Approximately 1 percent of Brazil's 354.8 million hectares of arable land is given over to growing sugar cane for ethanol.

SAO PAULO, Brazil – During the second Ethanol Summit, the Brazilian government defended the ecological relevance of ethanol, claiming its production was a viable alternative to environmentally harmful fossil fuels. Officials also denied that demand for biofuels would raise commodity prices, as some detractors have argued, or that producing fuel with sugar cane and maize would lead to higher food prices.

The summit in Sao Paulo included representatives from the Brazilian government, business figures and international researchers. Prominent guests included former U.S. President Bill Clinton who, according to Estadao, urged Brazil to prove it could produce sustainable ethanol and reduce gas emissions without sacrificing Amazon rainforests to grow sugar cane.
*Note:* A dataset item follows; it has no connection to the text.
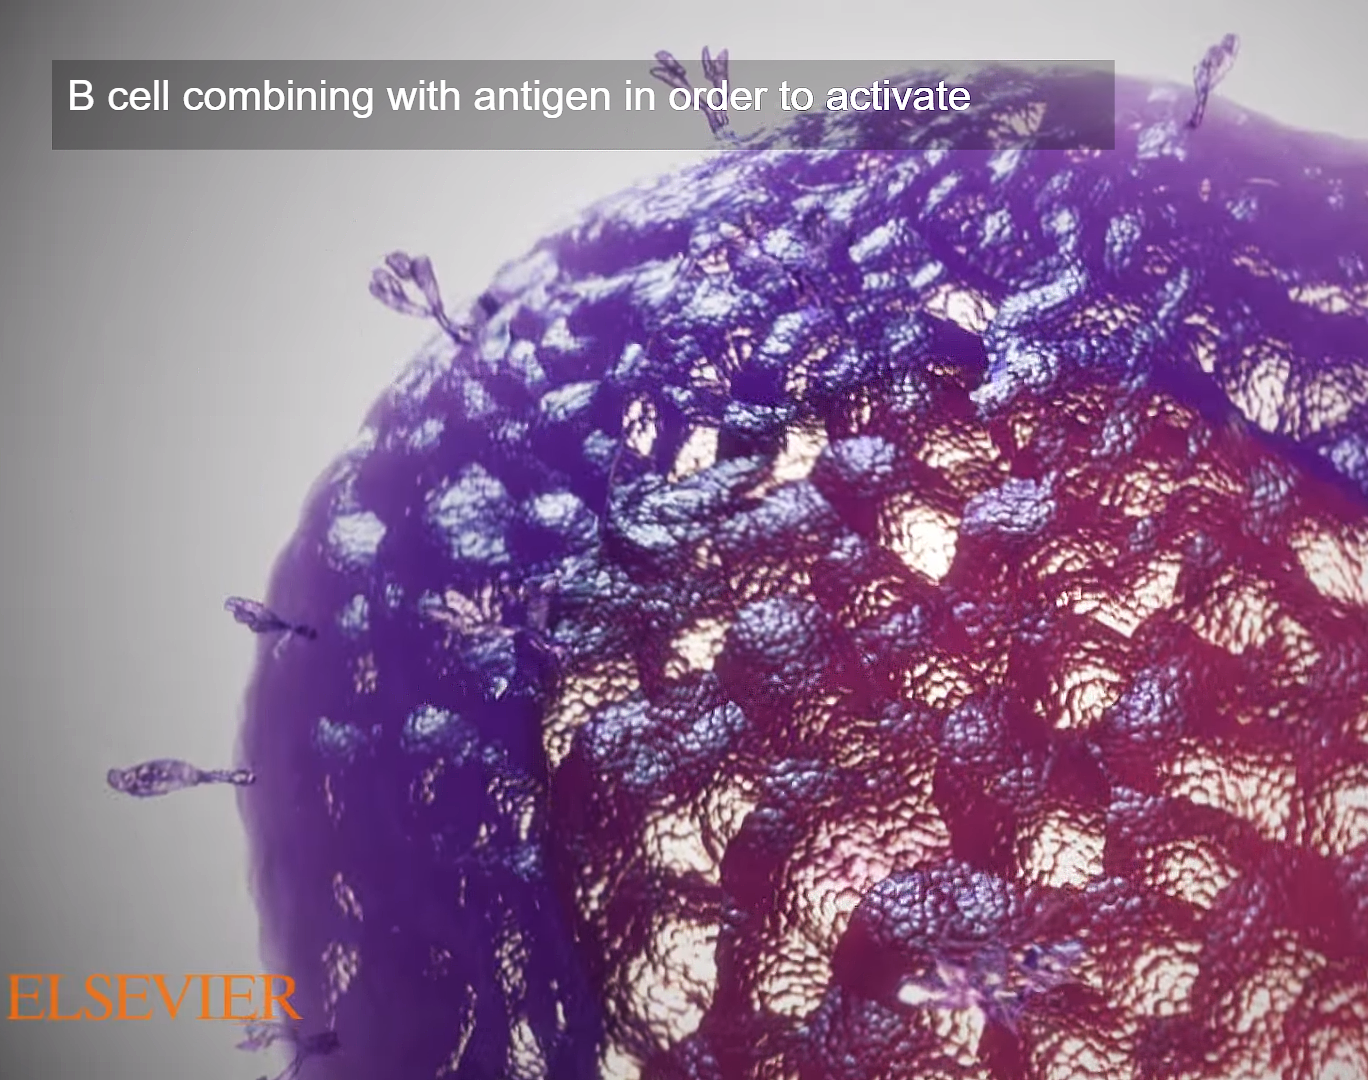 This image is a shot from one of Trinity's medical biological animation portraying a B cell combing with an antigen in order to activate rendered from Trinity Animation's 3D software. The B Cell is displayed in a vibrant purple with hyper realistic textures.

In February the United Nations Food and Agriculture Organisation (FAO) published a report stating “latest forecasts point to further increases in the use of cereals for production of biofuels,” quoted AFP. However, the Inter-American Development Bank (IDB) suggested that this criticism could be disregarded and ruled out that Brazil was dedicating less arable land to food production.

According to EFE, Lula's presidential Chief of Staff Dilma Rousseff said, “Ethanol cannot be the scapegoat for the failure of international organisations, because the production and use of ethanol are not and will not be responsible for the prices of agricultural primary materials”. The IDB’s Vice President for Countries Roberto Vellutini added, “Ethanol production is one of the most efficient industrial processes”.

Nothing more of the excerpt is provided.